In continuing with our Offseason 2009 analysis, we take a look at upgrading the Bomber's Roster via the trade market. We're only looking into feesable trade opportunities, ones that aren't far fetched (say Melky Cabrerra and a sack of potatoes for Carlos Beltran).

Robinson Cano and Melky Cabrerra for Brian Roberts and a low level prospect.

Why This Trade Works

If the Yankees are truly dedicated to getting to the World Series next season and are committed to making necessary organizational upgrades without sacrificing their untouchables (Hughes, Kennedy, Joba, etc) then this trade makes perfect sense (for both teams).

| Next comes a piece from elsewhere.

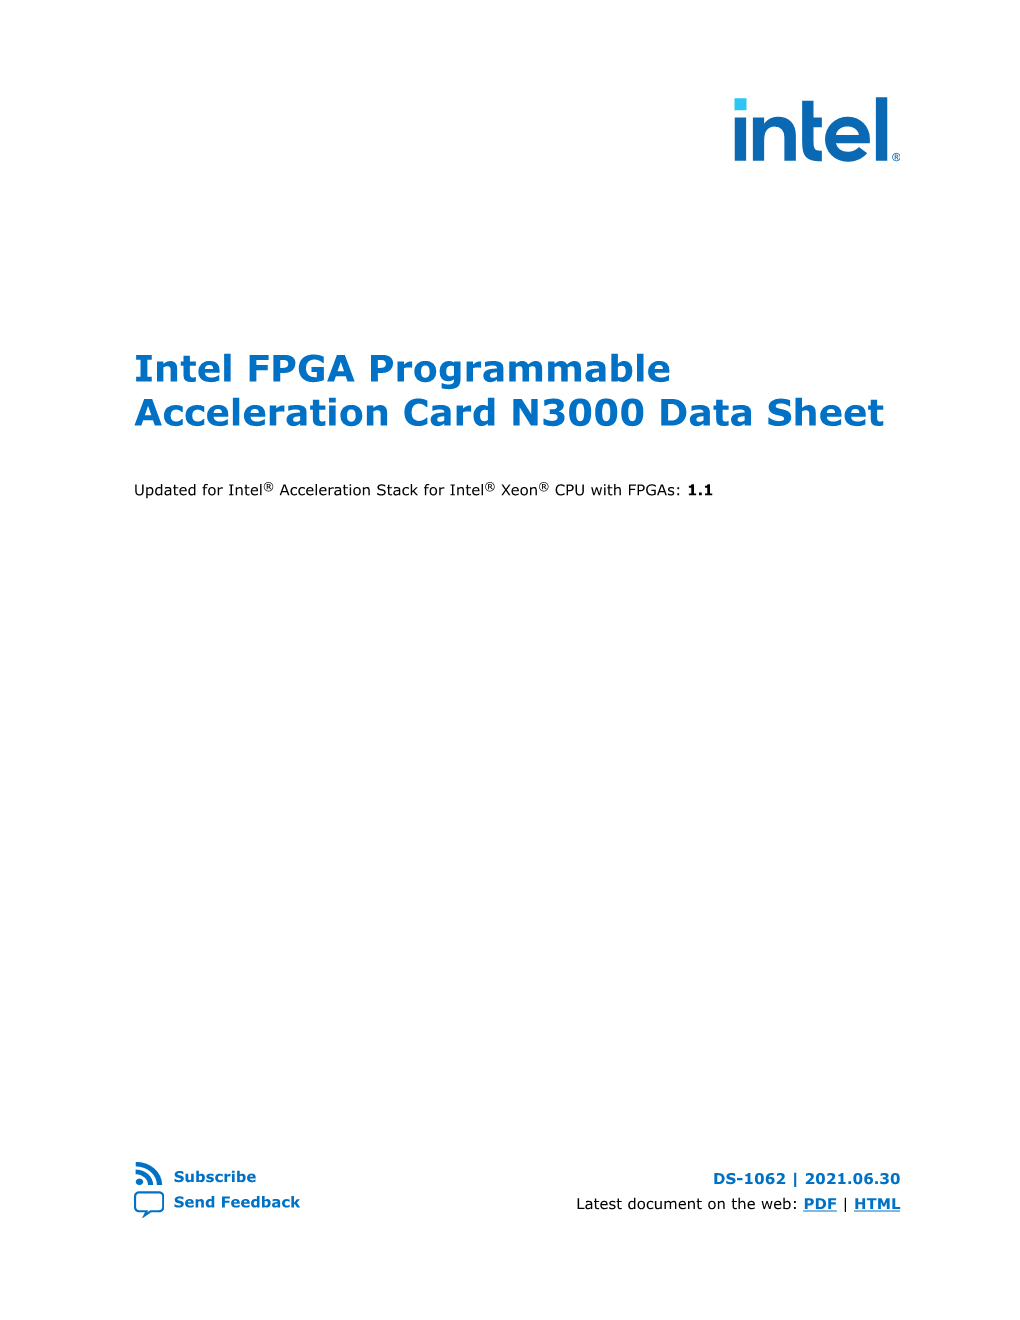 Intel FPGA Programmable Acceleration Card N3000 Data Sheet

We understand that Cano had an off year in '08 and is likely to rebound next season. Melky, on the other hand, is a nightmare with an outfielder's glove.

Baltimore is a team that's preparing for the future, and they have to decide whether they are going to committ 100% to that rebuilding plan. Obtaining Cano and Melky provide a short term boost to the team's flailing existence while allowing their other components (Adam Jones, Matt Wieter, etc) to grow at a major league level.

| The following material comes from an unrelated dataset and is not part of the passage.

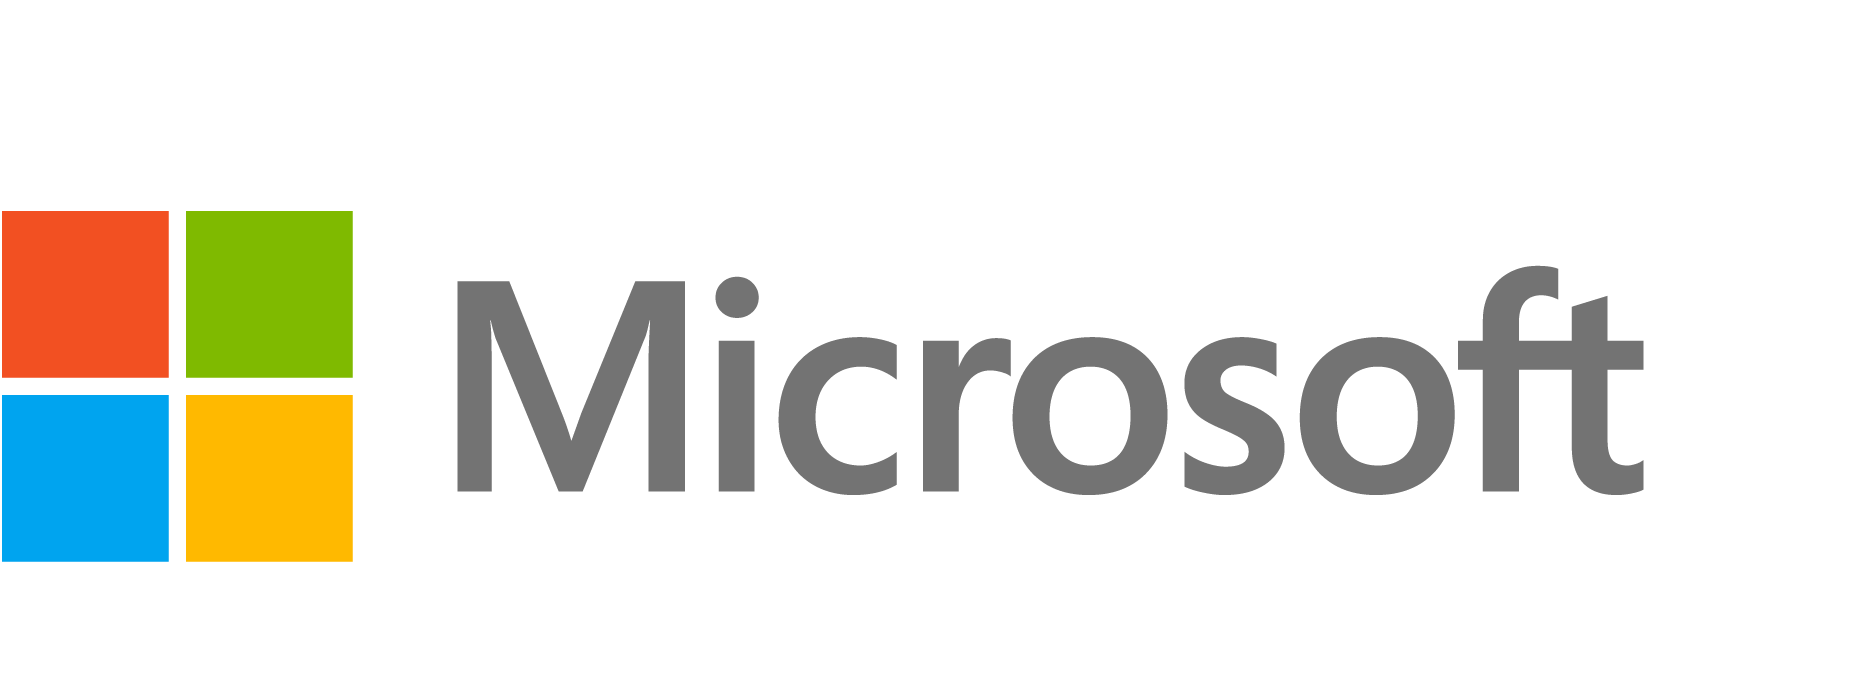 Microsoft logo PNG Image

Brian Roberts is a great fit for the Yankees. His consistency in the field and at the plate are a major upgrade over Cano and would be better suited to hit leadoff than Damon. Roberts hit 51 doubles last season and stole 40 bases. The year before, Roberts hit 42 doubles and stole 50 bases. His speed is sorely needed in the Yankees aging lineup.

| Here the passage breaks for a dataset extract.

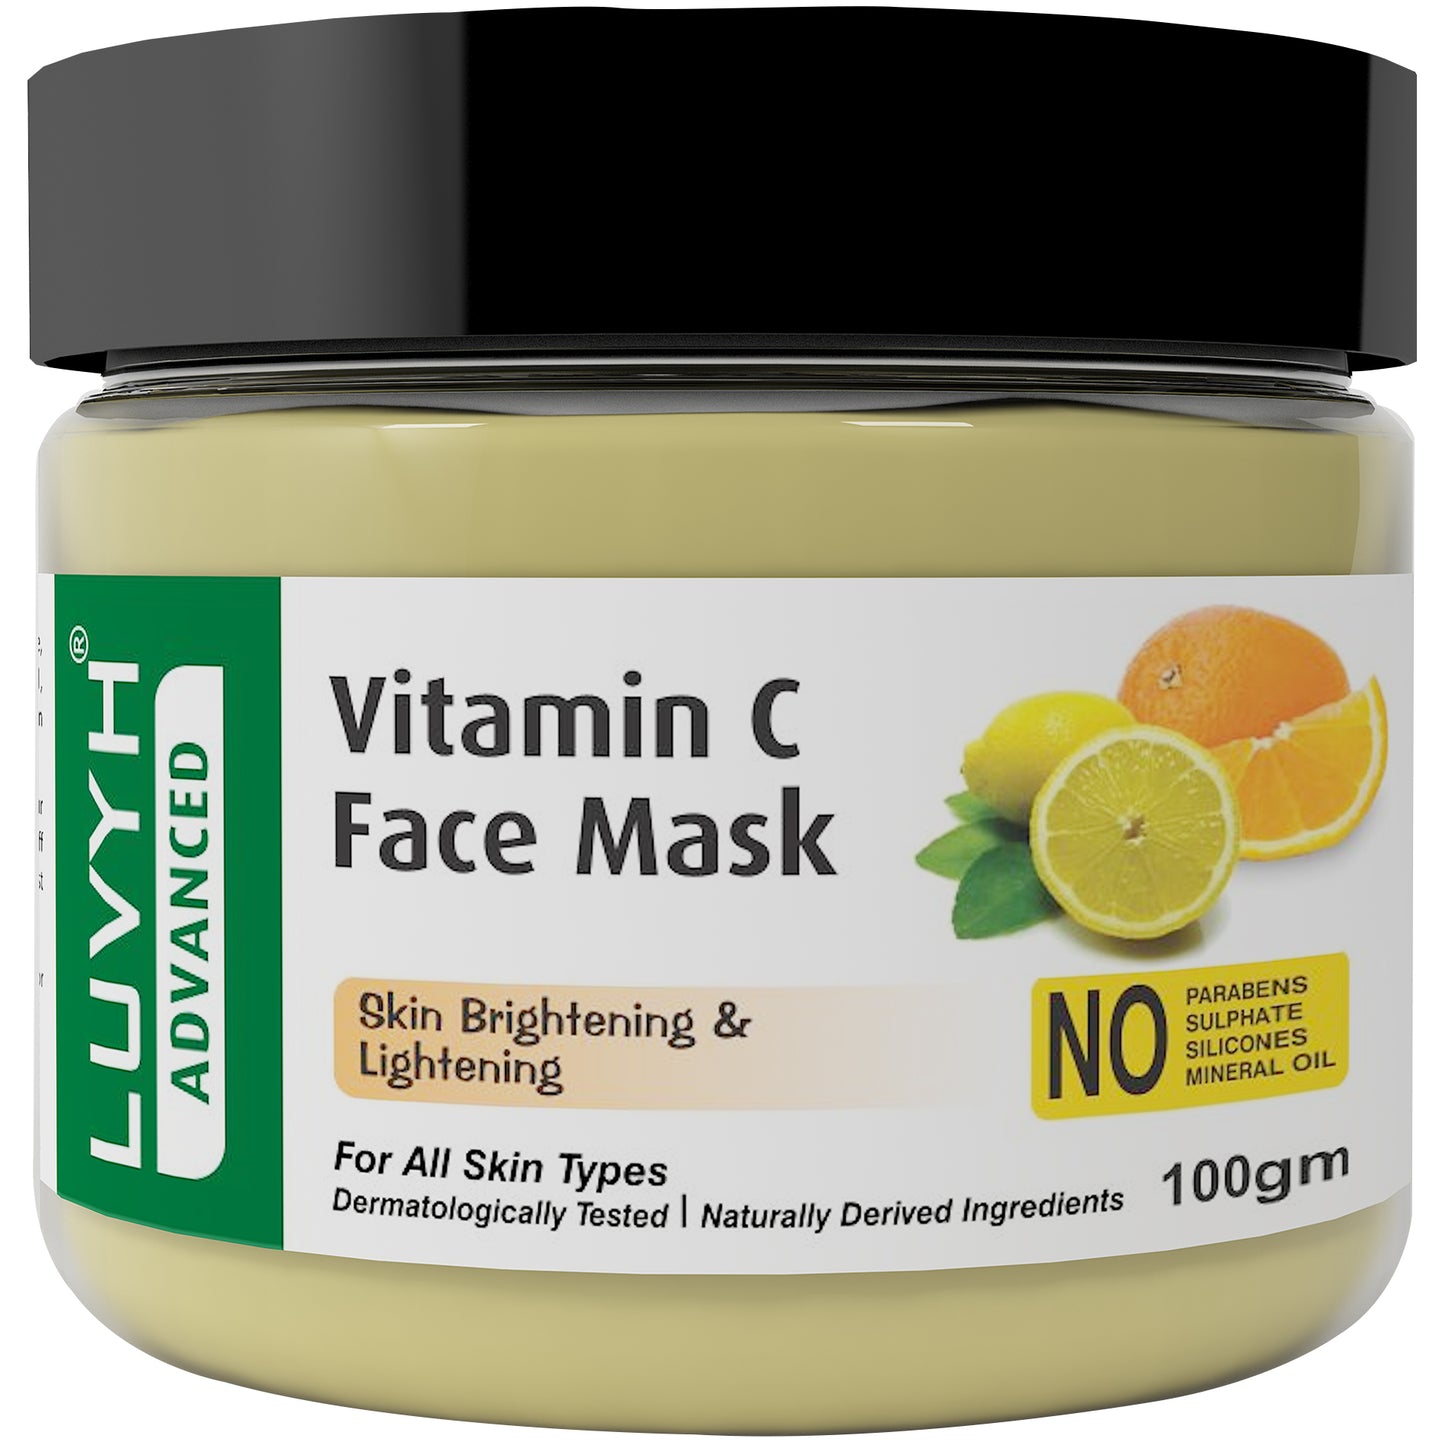 Luvyh Vitamin C Face Mask - 100g

By moving an underperforming Cabrerra, the Yanks would free up roster space to give Brett Gardner and extended shot at playing everyday.

Why This Trade Doesn't Work

Might be too early to give up on
Cabrerra (although that ship has already sailed by our measure). His trade value plumetted this season, after a late season demotion to Scranton. Both Cano and Cabrerra are young, and this trade could come back to bite the Yanks in the ass down the road. Cano, again, had a rough season and should bounce back next year.

We're sure that there are Yankee fans who are fed up with Cabrerra, and wouldn't bat an eyelash if he were moved this offseason, but Cano is worth a lot more than a 31 year old second baseman who has never had to produce in a pressure situation.

The same thing, however, was said when the Yanks traded away Alfonso Soriano.